As a movie itself, though, Judas and the Black Messiah didn’t work for me. The film spends too much time trying to tell a more omniscient story—it attempts to equally cover the narratives of Hampton, O’Neal, and the machinations at the FBI. And I understand why they took that approach. However, the story would have been more powerful, in my opinion, if the movie stayed rooted as more of a true shifting point of view narrative between O’Neal and Hampton. There is a stretch of the movie where Hampton isn’t in the movie at all; to be fair, he is in jail at that time but maybe that’s the stretch to really lean into O’Neal’s story.
Not having Hampton in the movie is a problem for one major reason: Daniel Kaluuya is absolutely amazing in this movie as Fred Hampton. You’ll read about Kaluuya training himself to talk and give speeches like Fred Hampton, but once you see the comparison it is truly astounding.
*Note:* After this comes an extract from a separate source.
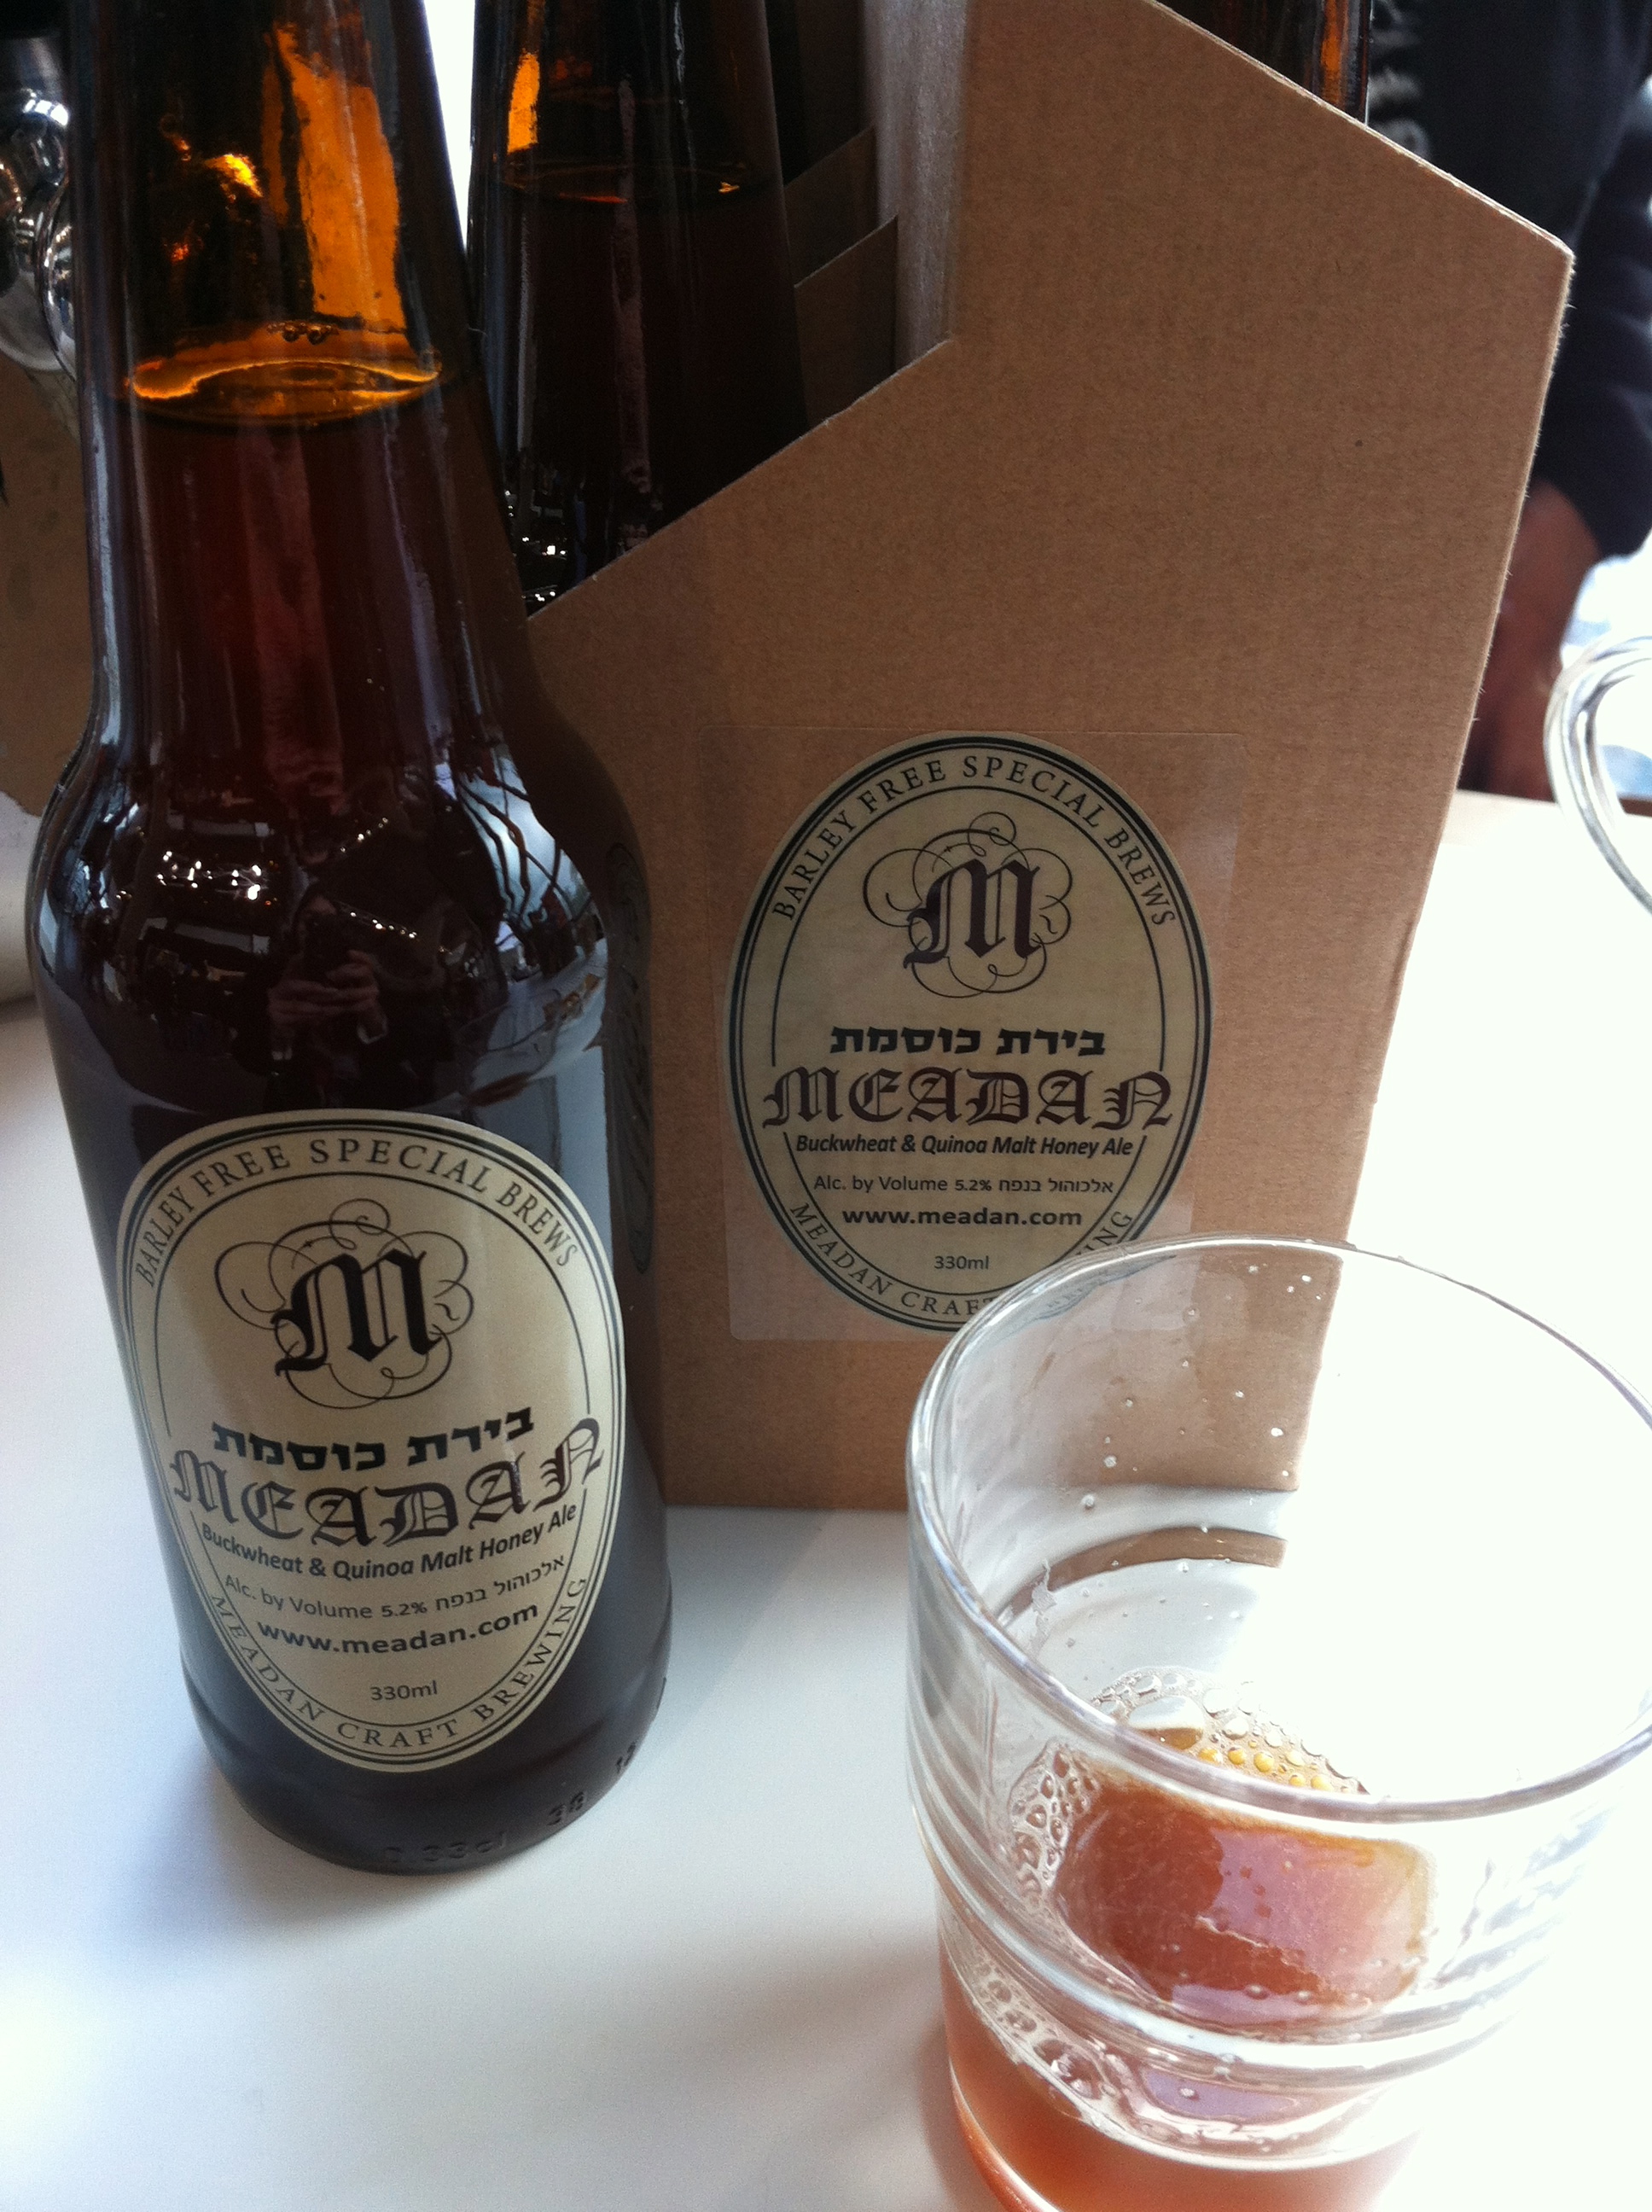 GLUTEN FREE BEER!! With buckwheat and quinoa - and GOOD!
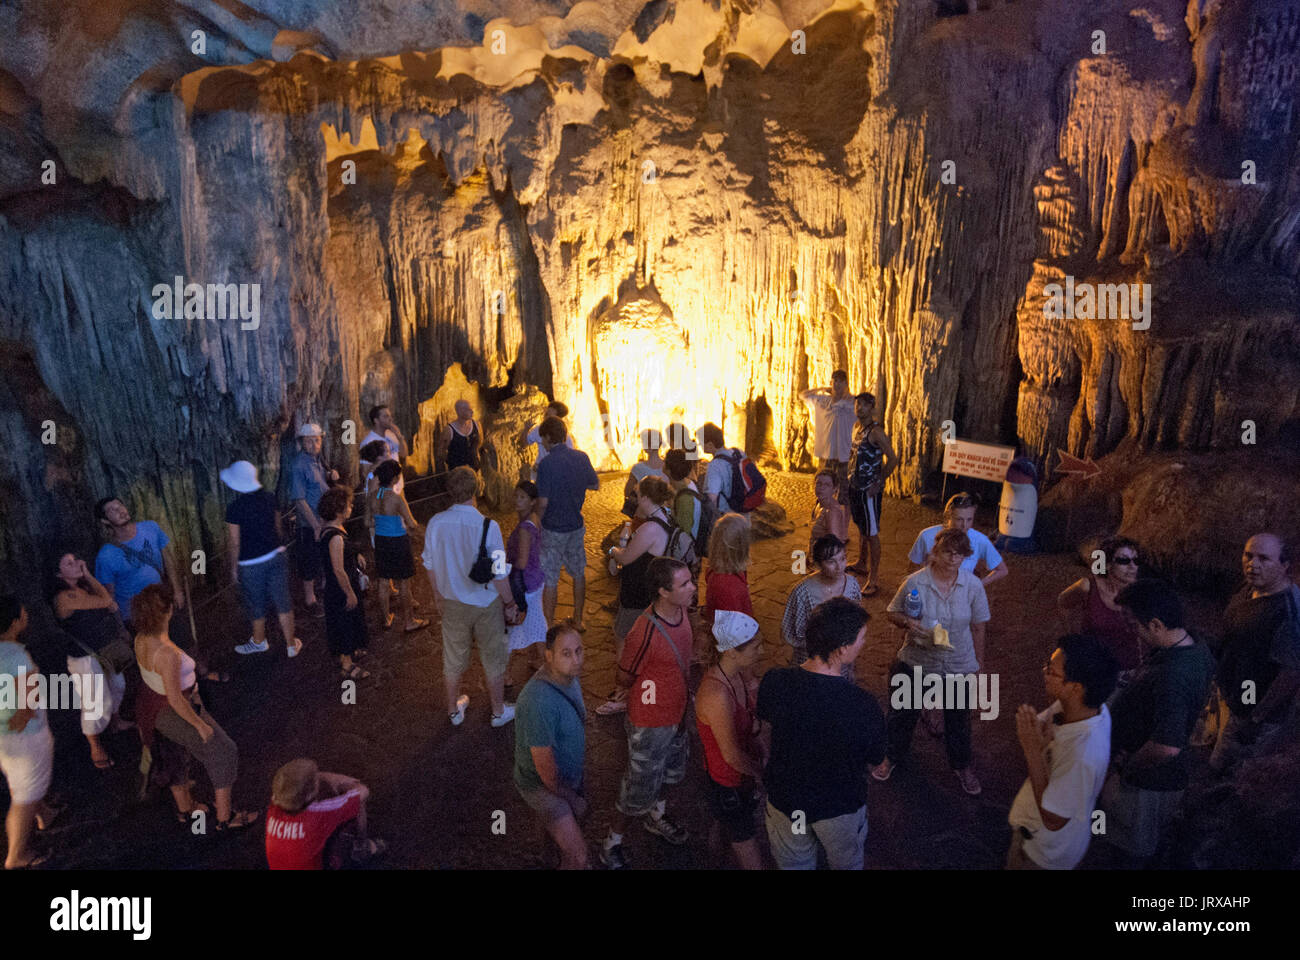 Hang Sung Sot, Cave of Surprises, stalactite cave in Halong Bay, Vietnam, Southeast Asia. Hang Sung Sot or Surprise Grotto - Bo Hon Island - Halong Ba Stock Photo

There is one moment in particular when Kaluuya is giving a speech to the Black Panthers when he steps back for a moment and pauses; the camera holds tight on Kaluuya’s face from an angle and all you see his one side of his face—the flick in his mouth, the small movements of his eyes, and perspiration on his forehead. In that moment, Kaluuya as a performer is so alive and so present as this character that you almost forget you exist as a viewer—you are in the moment. Whenever Kaluuya is on the screen, you don’t want him to leave, so when he does, that is a problem.
LaKeith Stanfield plays William O’Neal and certainly has the harder part to play. He is the betrayer, he spends most of the movie in a state of ambivalence, but yet is also gutted by what he has to do in the end. Stanfield is not as magnetic as Kaluuya, but he too has a moment that jumps off the screen. It happens near the end of the movie, when the FBI agent (played by Jesse Plemons) indicates to O’Neal what he wants him to do as part of the FBI’s plan to kill Hampton. Stanfield sits in a chair, at a table in the restaurant; his face is steady but with the slightest look of shock; and then his body, starting with the shoulders, rocks forward just a bit and then back just slightly, as if a wave has passed through him. It’s a stunning moment.
Stanfield and Kaluuya are both up for Best Supporting Actor. Because of the nature of their roles and the way the movie uses the space of its narrative, this makes sense. And I would be shocked if Kaluuya did not win.
Judas and the Black Messiah is worth watching for the performances and the history alone. I’ll leave it up to you to decide if the way the movie is told actually works.